January 12, 2021 — On this day, in 1914, it was reported in the Bismarck Tribune that some small towns in North Dakota were making big waves in Washington, D.C. — and all over a post office.
Several post offices, to be exact.
The reason for the uproar resulted from an effort to remove postal officials from their positions at Devils Lake, Valley City and Bowman.
W. H. Pray at Valley City and W. H. Workman at Bowman were being ousted from their offices, supposedly due to political reasons, which did not go over well with some of the politicians.
Senators McCumber and Gronna particularly did not appreciate these efforts. In the Tribune’s report, these two senators opposed the idea on account of the fact that the reason they were being kicked out of office was not purely political, and that the department had “only brought in trifling charges against the men as an excuse of removal.”
Eventually, what the Tribune termed as a “sort of agreement” was formed between the Senate and the post office committee. It was decided that nothing would happen in Valley City until Pray’s term had expired, and charges against Workman in Bowman were dropped. He had turned over the office to his bondsmen already, and so his resignation was to be accepted.

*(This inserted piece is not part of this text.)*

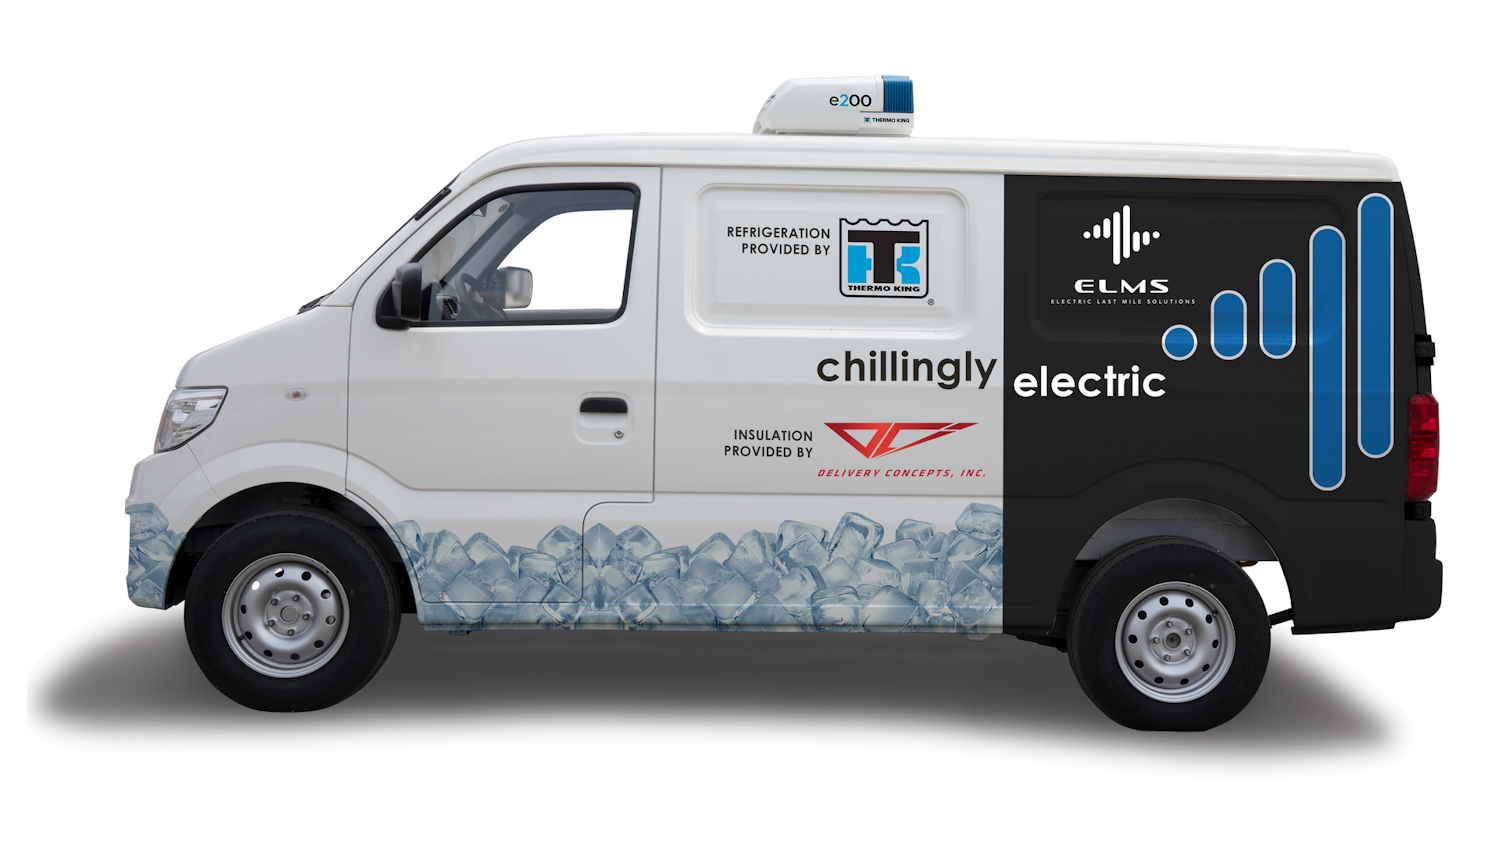 Thermo King and and Electric Last Mile Solutions partnered on a Class 1 fully electric refrigerated van.

However, the post office department made recess appointments in those locations two days before Congress convened—allowing them, for a time, to avoid the law requiring nominations should be sent to the Senate. The nominations would still have to be sent to and approved by the Senate. However, by making recess appointments, even if their nominations were not accepted, the postal officials who were put in office would stay there until others were nominated and instated.
The issue at Devils Lake was another matter. John Bloom was nominated to take the office.
The Senate rejected his nomination. Afterward, John Bloom’s wife, Marjorie, was nominated, and then also rejected.
In mid-November, John Bloom went to Washington D.C., teamed up with the Hon. John Burke, and the two convinced the Postmaster General to appoint Mrs. Bloom by recess, even though her nomination had already been rejected.
The Devils Lake journal spared three lines on her appointment, writing only that President Wilson appointed her in the afternoon.
The action was unprecedented and was disagreeable to many. The Tribune stated, “If such action can be taken with a post office, it can be done with a cabinet officer, and the ultimate result would be the complete overthrow of the constitutional proposition, requiring the advice and consent of the Senate in presidential appointments.”